● PROBLEM DESCRIPTION: The expected output is exactly the lines below, starting at the line with "Cinema Ideal in Lisbon" and ending at the line with "gerockt Männer letztes", both included; no other line belongs in it.

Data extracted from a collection

=== Section Start ===

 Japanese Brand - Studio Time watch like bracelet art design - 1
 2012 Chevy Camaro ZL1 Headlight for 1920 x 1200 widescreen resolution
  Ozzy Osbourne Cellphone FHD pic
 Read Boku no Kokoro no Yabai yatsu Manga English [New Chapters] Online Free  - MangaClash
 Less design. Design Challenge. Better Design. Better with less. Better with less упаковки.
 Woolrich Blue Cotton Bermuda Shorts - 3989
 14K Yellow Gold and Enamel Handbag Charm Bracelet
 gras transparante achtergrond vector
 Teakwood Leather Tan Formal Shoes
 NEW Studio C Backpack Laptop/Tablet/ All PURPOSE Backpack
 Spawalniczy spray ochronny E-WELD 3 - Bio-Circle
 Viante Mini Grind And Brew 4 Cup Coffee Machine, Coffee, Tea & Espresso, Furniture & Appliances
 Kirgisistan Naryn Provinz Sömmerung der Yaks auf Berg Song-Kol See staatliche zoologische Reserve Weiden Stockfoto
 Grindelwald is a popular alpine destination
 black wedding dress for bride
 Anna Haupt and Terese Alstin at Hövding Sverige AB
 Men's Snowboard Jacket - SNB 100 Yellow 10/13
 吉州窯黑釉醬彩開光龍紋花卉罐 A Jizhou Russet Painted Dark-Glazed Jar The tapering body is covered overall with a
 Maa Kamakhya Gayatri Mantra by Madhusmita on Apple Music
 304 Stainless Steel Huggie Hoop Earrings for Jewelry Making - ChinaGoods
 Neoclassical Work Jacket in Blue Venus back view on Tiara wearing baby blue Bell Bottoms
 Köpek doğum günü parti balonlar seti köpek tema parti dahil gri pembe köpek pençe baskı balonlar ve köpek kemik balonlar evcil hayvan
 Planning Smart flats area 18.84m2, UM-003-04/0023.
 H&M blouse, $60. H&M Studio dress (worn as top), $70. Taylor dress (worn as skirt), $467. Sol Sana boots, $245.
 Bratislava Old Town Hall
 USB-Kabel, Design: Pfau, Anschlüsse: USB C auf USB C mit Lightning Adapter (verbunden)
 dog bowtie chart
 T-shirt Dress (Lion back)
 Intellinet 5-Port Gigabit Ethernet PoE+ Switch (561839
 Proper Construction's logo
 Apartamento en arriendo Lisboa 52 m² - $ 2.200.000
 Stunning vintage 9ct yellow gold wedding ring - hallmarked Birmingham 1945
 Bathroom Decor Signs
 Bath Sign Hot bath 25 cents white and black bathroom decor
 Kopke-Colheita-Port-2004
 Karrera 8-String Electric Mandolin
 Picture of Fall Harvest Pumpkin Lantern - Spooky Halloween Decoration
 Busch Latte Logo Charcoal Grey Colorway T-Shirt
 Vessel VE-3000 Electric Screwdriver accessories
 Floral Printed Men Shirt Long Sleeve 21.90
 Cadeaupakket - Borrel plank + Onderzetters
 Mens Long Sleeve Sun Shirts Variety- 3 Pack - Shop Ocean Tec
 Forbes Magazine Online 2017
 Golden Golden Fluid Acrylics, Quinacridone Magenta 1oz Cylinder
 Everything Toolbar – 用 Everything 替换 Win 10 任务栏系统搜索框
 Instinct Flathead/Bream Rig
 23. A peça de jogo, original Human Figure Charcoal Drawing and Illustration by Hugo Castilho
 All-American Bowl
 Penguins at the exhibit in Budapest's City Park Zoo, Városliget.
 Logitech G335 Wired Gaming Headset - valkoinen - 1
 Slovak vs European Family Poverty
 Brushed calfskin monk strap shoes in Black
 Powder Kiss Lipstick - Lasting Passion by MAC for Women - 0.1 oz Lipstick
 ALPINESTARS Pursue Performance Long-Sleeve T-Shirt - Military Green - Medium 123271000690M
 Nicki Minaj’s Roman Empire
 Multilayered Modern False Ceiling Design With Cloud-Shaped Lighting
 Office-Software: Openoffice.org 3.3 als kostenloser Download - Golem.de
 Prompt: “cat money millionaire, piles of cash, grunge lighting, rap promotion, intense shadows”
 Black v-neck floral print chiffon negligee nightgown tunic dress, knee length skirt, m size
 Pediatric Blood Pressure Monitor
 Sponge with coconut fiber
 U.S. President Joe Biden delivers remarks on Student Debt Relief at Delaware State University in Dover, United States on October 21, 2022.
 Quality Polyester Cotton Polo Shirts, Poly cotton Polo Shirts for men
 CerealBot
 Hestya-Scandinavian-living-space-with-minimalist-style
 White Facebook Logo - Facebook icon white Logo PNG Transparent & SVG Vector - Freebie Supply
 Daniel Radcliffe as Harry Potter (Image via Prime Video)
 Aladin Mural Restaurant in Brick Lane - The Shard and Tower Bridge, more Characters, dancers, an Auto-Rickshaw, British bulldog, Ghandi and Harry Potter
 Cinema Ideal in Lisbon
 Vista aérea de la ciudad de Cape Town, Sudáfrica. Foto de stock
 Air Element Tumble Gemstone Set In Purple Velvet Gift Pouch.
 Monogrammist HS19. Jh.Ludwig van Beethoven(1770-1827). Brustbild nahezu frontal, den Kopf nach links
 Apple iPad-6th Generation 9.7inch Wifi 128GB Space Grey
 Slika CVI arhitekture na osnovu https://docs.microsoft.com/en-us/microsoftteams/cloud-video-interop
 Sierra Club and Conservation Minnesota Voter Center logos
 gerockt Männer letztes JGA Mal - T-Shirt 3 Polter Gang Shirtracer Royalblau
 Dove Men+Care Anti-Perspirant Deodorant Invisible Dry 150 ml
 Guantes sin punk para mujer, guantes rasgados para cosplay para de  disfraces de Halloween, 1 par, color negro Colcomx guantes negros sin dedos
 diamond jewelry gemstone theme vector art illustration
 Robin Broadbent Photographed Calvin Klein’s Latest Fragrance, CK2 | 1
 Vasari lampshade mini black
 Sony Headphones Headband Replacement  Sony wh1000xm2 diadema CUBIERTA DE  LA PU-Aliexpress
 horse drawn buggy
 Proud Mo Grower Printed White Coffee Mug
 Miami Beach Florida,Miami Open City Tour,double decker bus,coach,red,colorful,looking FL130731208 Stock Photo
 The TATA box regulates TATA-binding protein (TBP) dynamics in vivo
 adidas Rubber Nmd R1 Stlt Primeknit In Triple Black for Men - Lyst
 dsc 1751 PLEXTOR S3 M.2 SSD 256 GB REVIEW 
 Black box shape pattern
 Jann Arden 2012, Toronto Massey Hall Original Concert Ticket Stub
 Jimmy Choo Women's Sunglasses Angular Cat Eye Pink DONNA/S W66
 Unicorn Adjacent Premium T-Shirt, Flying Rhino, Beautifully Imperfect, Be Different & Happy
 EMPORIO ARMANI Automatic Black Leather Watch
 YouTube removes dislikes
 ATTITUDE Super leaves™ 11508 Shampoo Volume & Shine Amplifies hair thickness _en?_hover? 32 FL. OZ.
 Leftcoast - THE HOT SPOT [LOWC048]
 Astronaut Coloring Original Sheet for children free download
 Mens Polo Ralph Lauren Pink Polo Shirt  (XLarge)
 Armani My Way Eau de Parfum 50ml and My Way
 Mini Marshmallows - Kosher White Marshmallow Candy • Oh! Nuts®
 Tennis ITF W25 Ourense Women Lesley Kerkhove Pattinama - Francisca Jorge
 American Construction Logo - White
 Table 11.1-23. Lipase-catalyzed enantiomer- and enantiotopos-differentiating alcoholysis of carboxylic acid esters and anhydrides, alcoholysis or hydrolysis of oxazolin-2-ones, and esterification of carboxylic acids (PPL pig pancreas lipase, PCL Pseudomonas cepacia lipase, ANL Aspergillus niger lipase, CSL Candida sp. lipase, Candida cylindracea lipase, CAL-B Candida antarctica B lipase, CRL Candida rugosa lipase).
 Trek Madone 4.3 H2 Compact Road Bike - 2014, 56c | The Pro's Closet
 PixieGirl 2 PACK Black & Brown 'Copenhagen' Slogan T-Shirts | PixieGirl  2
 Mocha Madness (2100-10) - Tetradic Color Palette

=== Section End ===

● TASK RESPONSE:
 Cinema Ideal in Lisbon
 Vista aérea de la ciudad de Cape Town, Sudáfrica. Foto de stock
 Air Element Tumble Gemstone Set In Purple Velvet Gift Pouch.
 Monogrammist HS19. Jh.Ludwig van Beethoven(1770-1827). Brustbild nahezu frontal, den Kopf nach links
 Apple iPad-6th Generation 9.7inch Wifi 128GB Space Grey
 Slika CVI arhitekture na osnovu https://docs.microsoft.com/en-us/microsoftteams/cloud-video-interop
 Sierra Club and Conservation Minnesota Voter Center logos
 gerockt Männer letztes JGA Mal - T-Shirt 3 Polter Gang Shirtracer Royalblau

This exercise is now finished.